(Stored data)

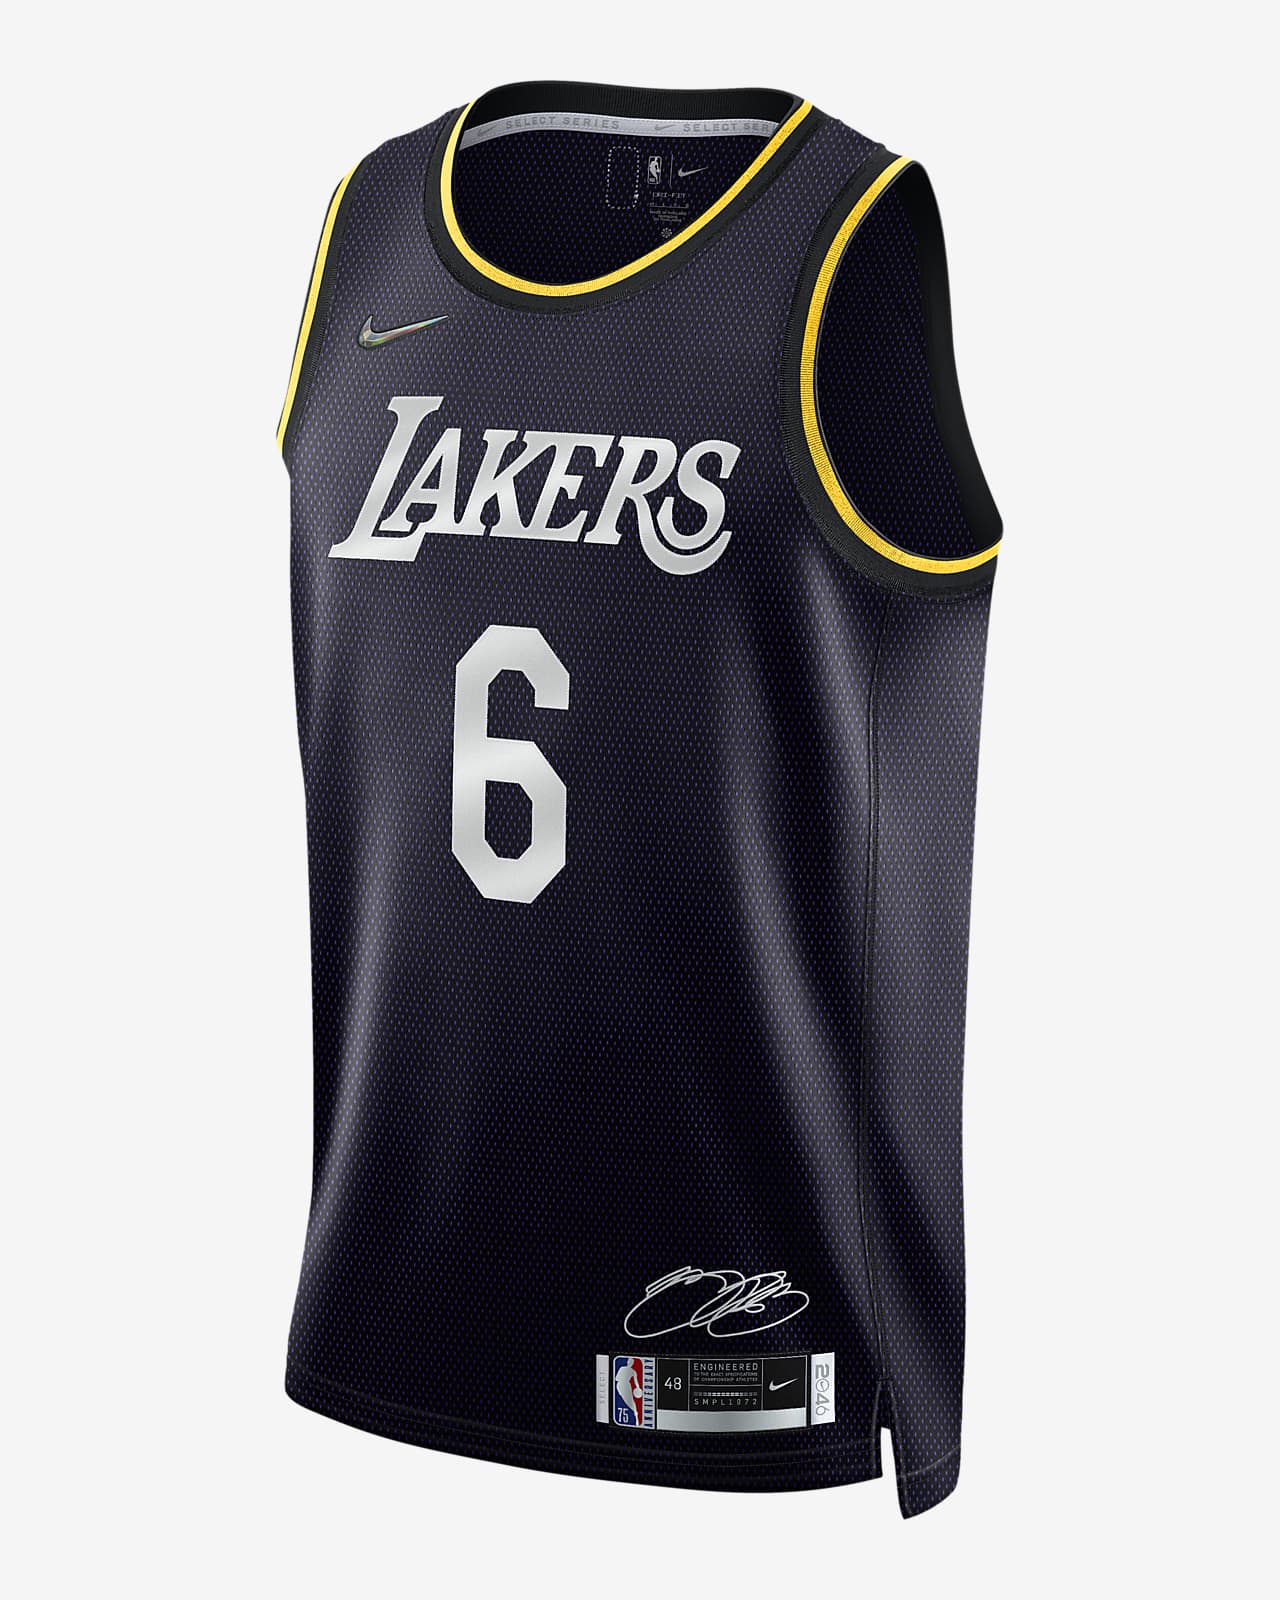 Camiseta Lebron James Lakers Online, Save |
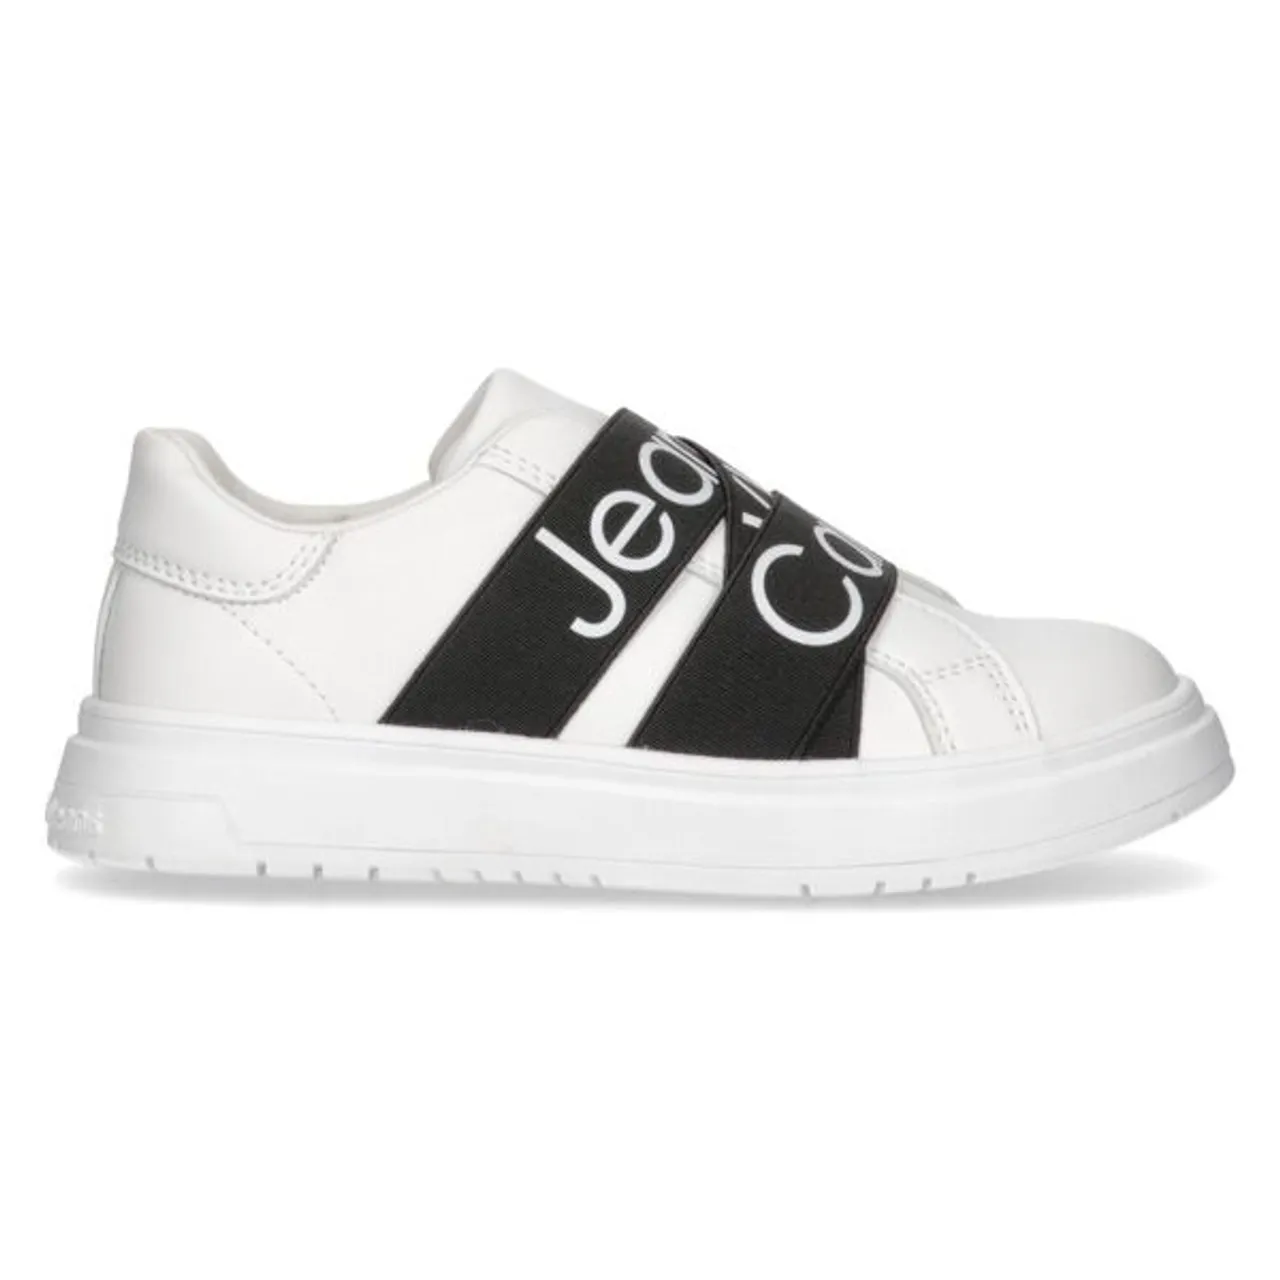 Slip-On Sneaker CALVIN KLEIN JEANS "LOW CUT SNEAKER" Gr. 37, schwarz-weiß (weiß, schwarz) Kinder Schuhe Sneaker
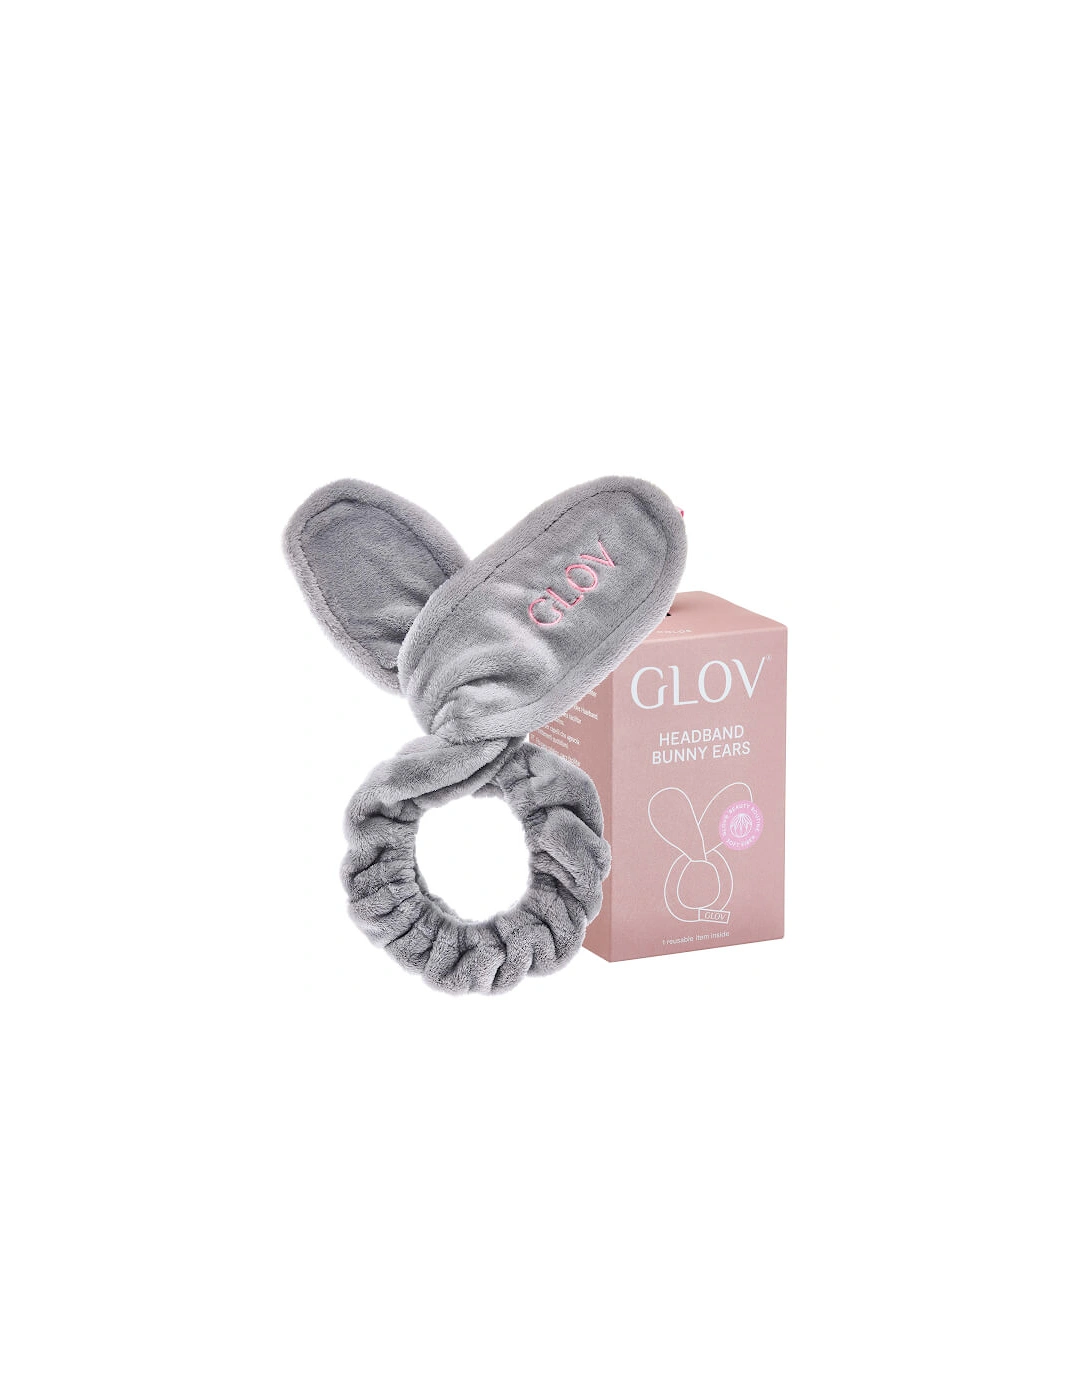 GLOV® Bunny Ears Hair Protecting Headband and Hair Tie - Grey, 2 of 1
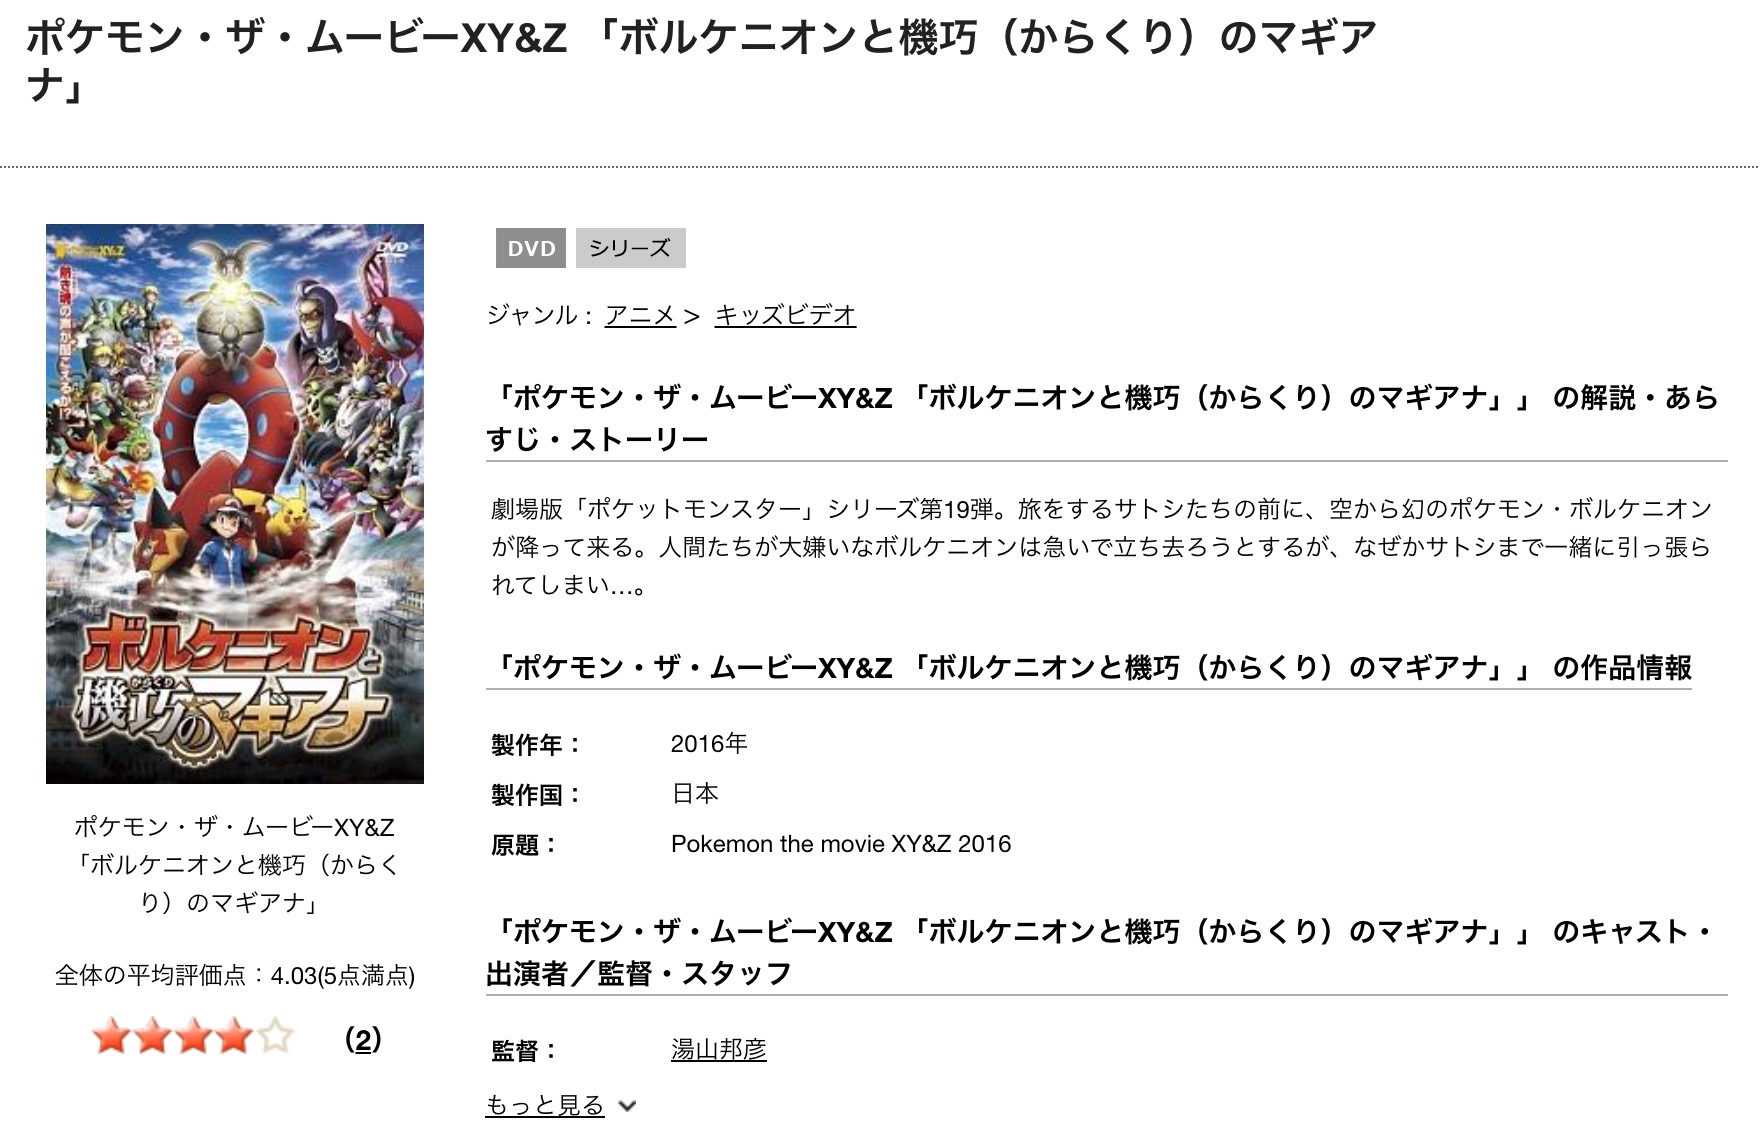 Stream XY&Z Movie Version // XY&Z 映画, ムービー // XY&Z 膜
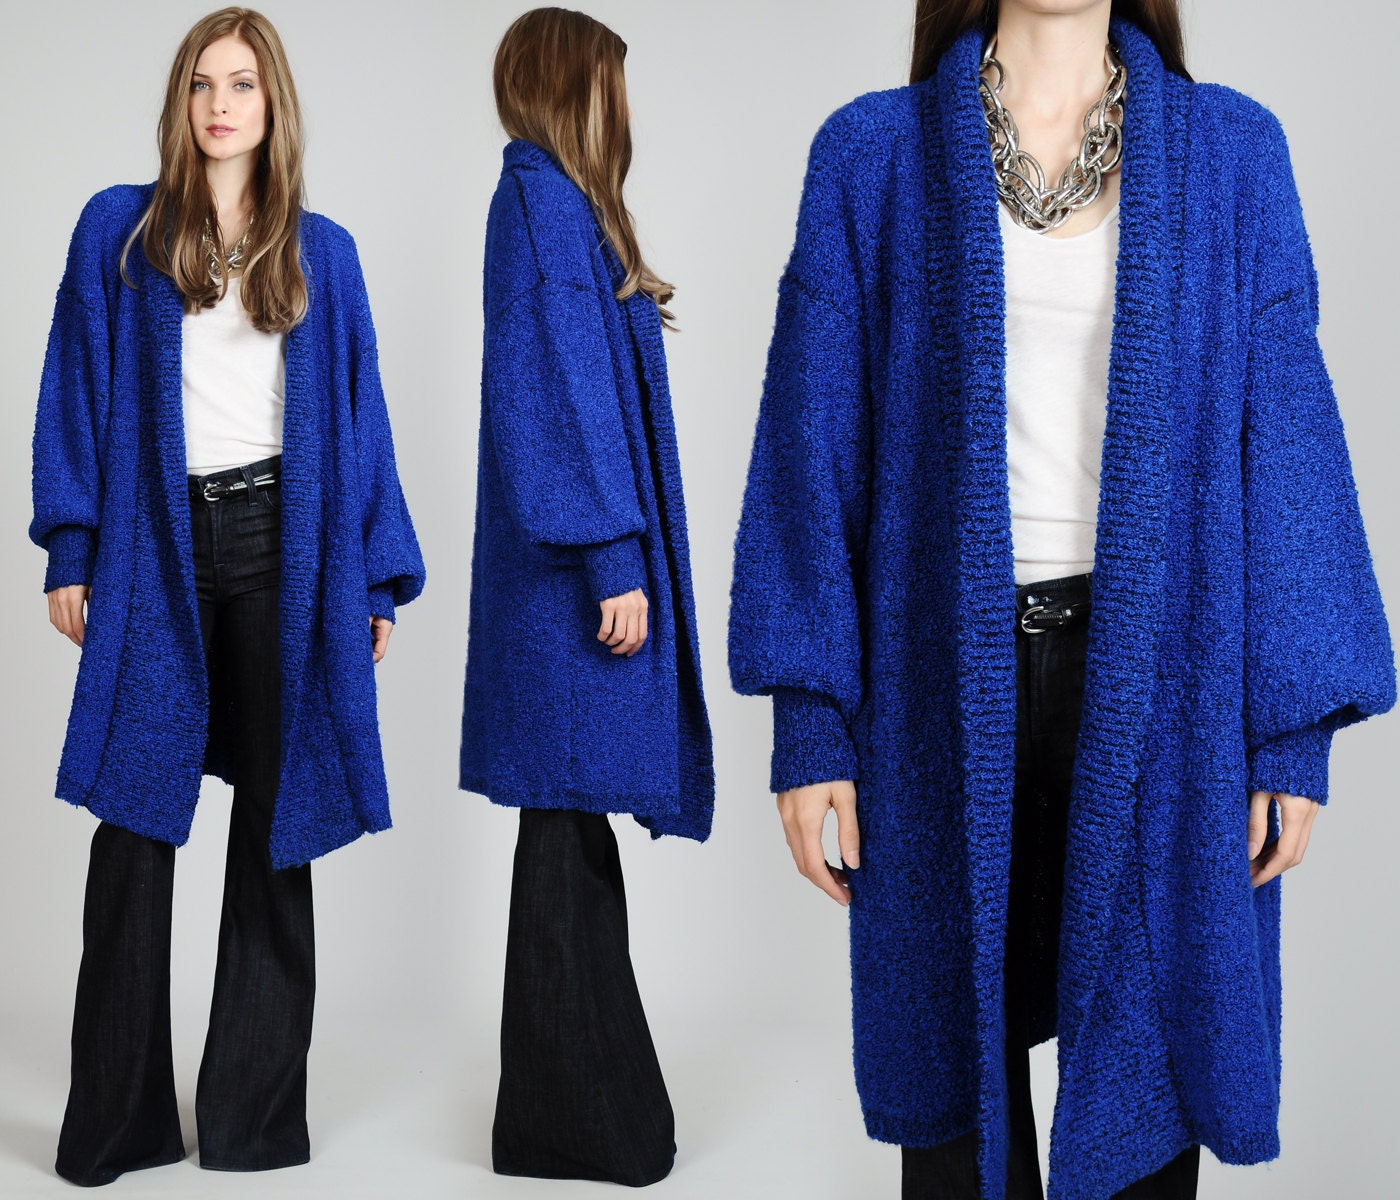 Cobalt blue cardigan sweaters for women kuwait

* What the task requires: Your answer should be every line above, written out exactly, with no pictures.

* Response area:
 Camiseta Lebron James Lakers Online, Save |
 Slip-On Sneaker CALVIN KLEIN JEANS "LOW CUT SNEAKER" Gr. 37, schwarz-weiß (weiß, schwarz) Kinder Schuhe Sneaker
 GLOV® Bunny Ears Hair Protecting Headband and Hair Tie - Grey, 2 of 1
 Stream XY&Z Movie Version // XY&Z 映画, ムービー // XY&Z 膜
 Cobalt blue cardigan sweaters for women kuwait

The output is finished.